Retweeting is not that common. Low frequency tweeters, having posted 10 or less times in the 24 hour period, had slightly a slightly higher rate of retweeting at 16% than high frequency tweeters who retweeted 12% of the time. The idea of sharing tweets with your followers seems to be a canard.

Roughly 10% of all tweets had links to images. I’m not sure at the moment how many of these images were of cats, I’m working on this one.

73% of tweets didn’t have a hashtag. Around 10% had one hashtag, 8% had two hashtags in them and just under 5% had three hashtags. The most hashtags in a tweet were 17, this is what it looked like:


Hash tags, at least in this corpus, are not providing much information as to the content of a tweet.

These users tweeted from once to 5768 times during the 24 hour period. The number of tweets that were from users who tweets 10 times or less was 1381 – 0.35%. In terms of accounts, 27.% of accounts tweeted 10 times or less during the 24 hours. There was some indication that low frequency posters included less URL’s in their tweets.

Listen Carefully

This corpus was derived from users who sent tweets with the words “market research” in them in a previous study phase. In this respect it is probably biased to financial news twitter accounts that are constantly sending out reports on businesses and market sectors. It shows that you need to be careful to who you are listening to. Hyperactive twitter accounts may be giving different information that quieter accounts. Monitoring how active an account is an important metric.

Hash Tags and Retweets: Not so much 

Hash tags can’t be relied upon to measure themes in Twitter, there are simply not enough of them produced. Even if the figures in this corpus are skewed low (which I have no reason to believe) they only occur in a small number of tweets. Retweeting doesn’t seem to be a huge activity either, Twitter seems to be more broadcast that sharing.

Rise of the Robots

It’s clear in this corpus there are a lot of robots (bots)  – automated tweeting systems. This is the only way users are able to post thousands of tweets per day.  I suspect that because I have picked up business reporting bots in this corpus that they are over represented. However they are a part of the Twitter landscape that has to be considered. Hyperactivity is not necessarily a bad thing, but it does mean that their tweets are not from an individual. All users are not equal.

URL’s are the content?

The high incidence of URL’s in this corpus points to the content of the tweet being the web page or image that is included in the tweet. URL’s can’t be ignored and the content they hold has to be captured.
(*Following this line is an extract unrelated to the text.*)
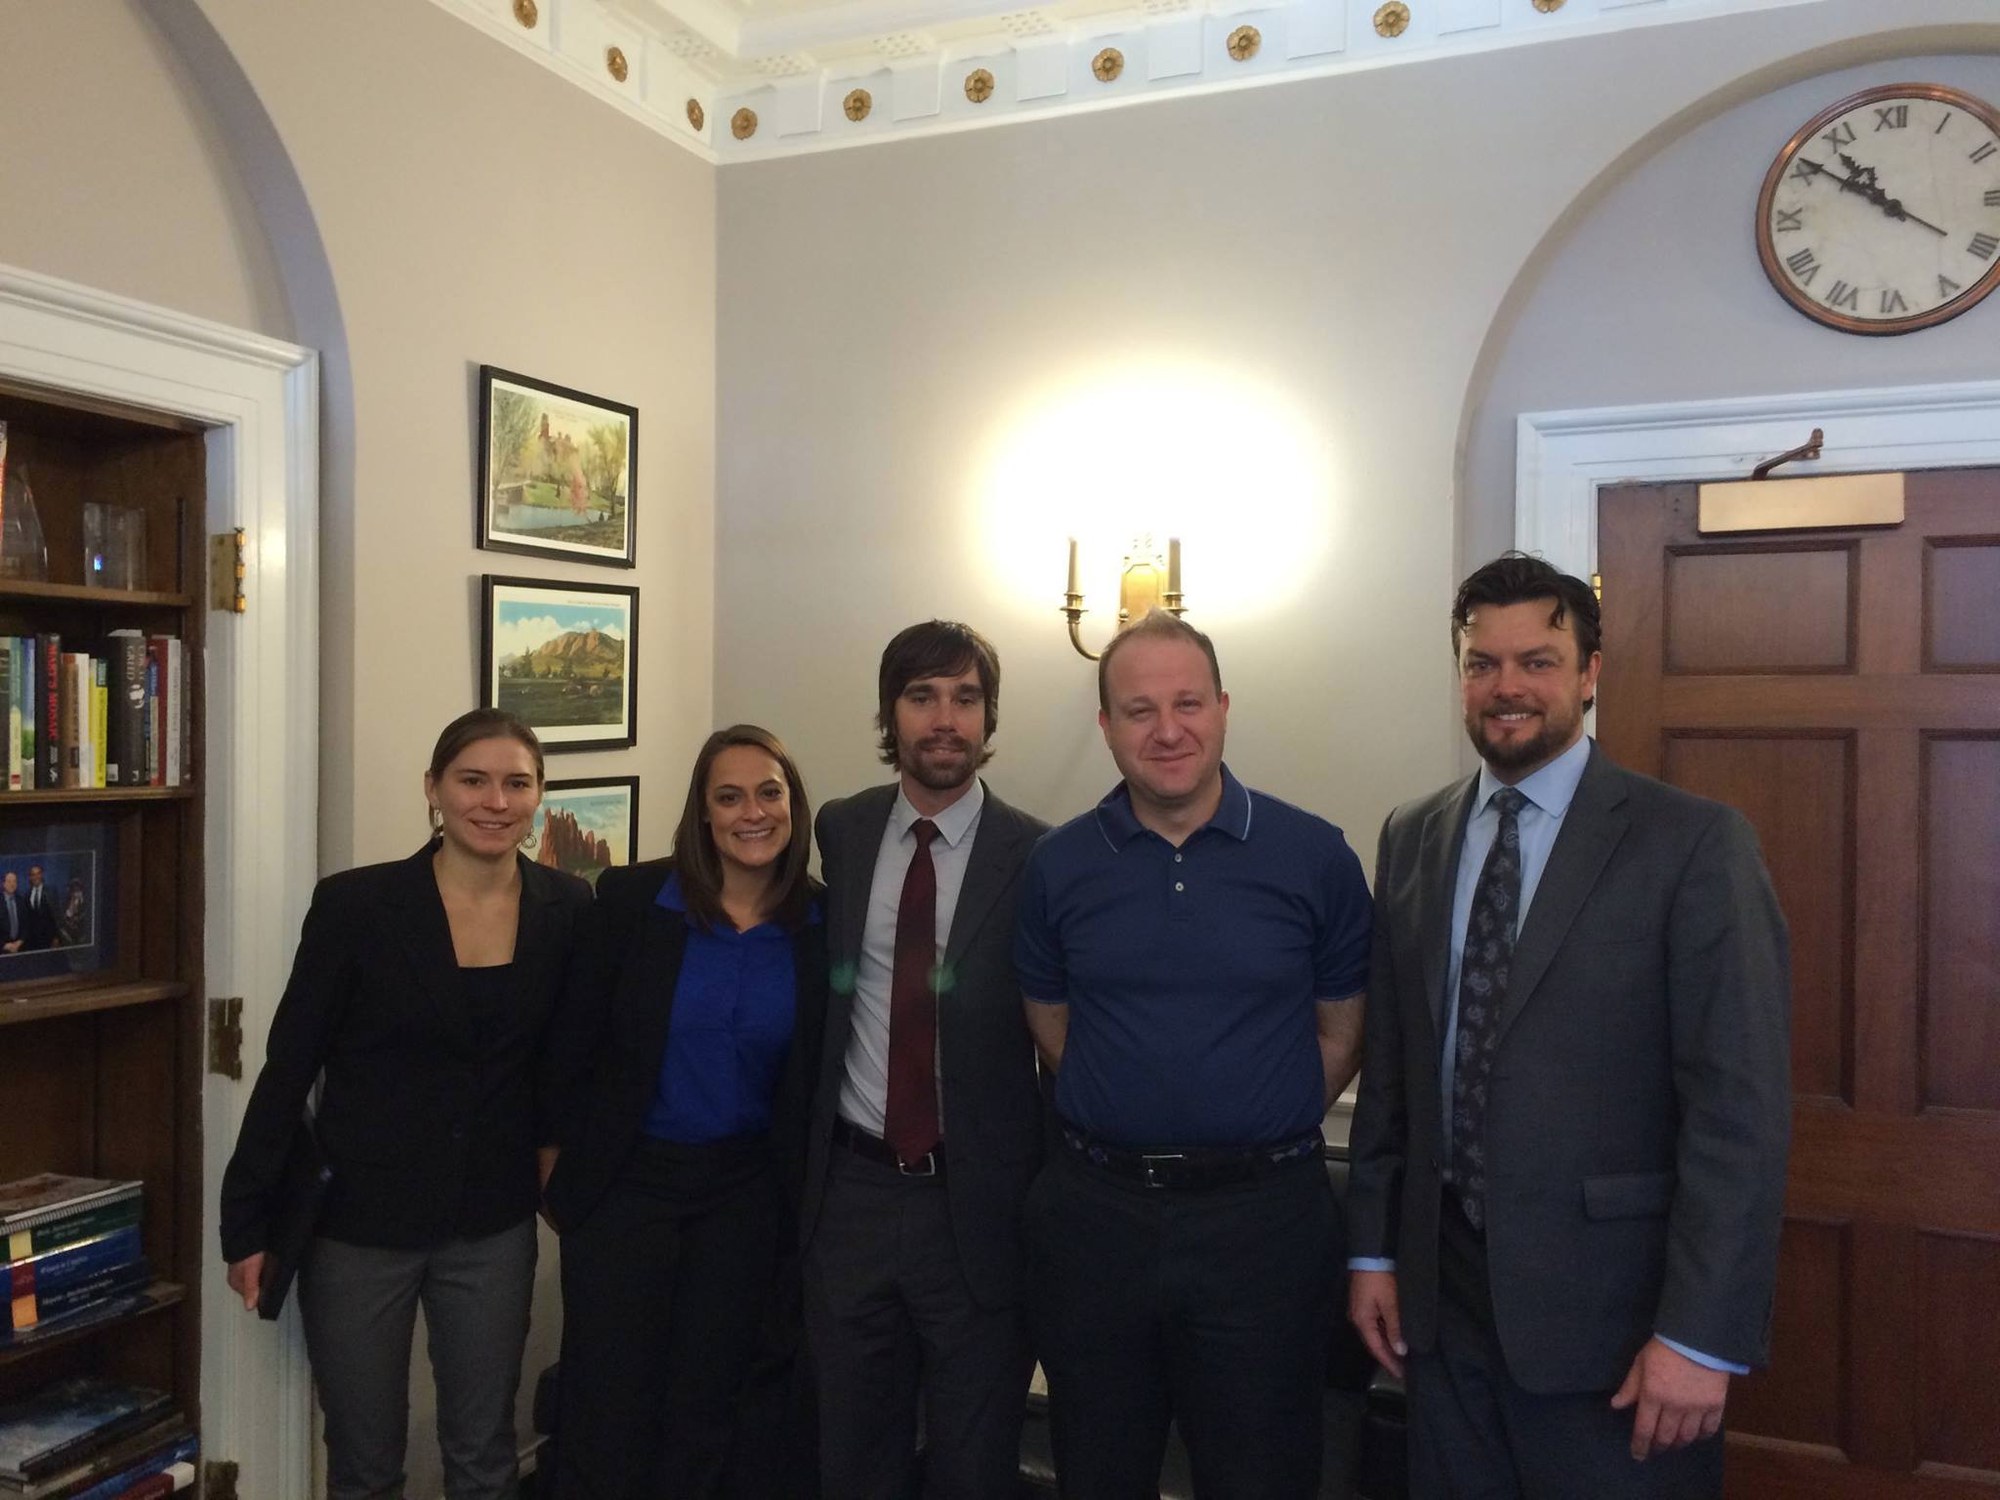 From left to right: Julie Mach (CMC), Aimee Ross (International Mountain Biking Association), Jason Bertolacci (International Mountain Biking Association), Jared Polis (US Representative), and Nathan Fey (American Whitewater).

The Signal and the Noise. 

So what is the meaning in a tweet ? Hash tags are too sparse to be reliable markers of content. The text is obviously important, but in this corpus the incidence of a URL in a tweet is so high that this has to be the primary message. The next stage is to analyse the URL’s which leads the use of automated processing. This corpus has 388,127 tweets in it. Assuming that it takes 15 seconds manually to process and digest each tweet, it would take 67 days working 24 hours a day for a human read all the tweets and that is without looking at the URL’s. We have to sample tweets or automatically process them to extract meaning. What criteria we use for sampling tweets is unclear at the moment. Even if we obtain a sample that is capable of being processed by humans, it’s pretty clear that it will always be a relatively tiny amount and hence prone to error, as are all samples. I don’t think humans or computers are the complete answer to processing large amounts of text, but at least computers can process the whole rather than part.

We may be starting a battle of the robots, automated tweeting versus automated analysis of tweets.

O brave new world.

Note: this post was originally posted on Mass Cognition.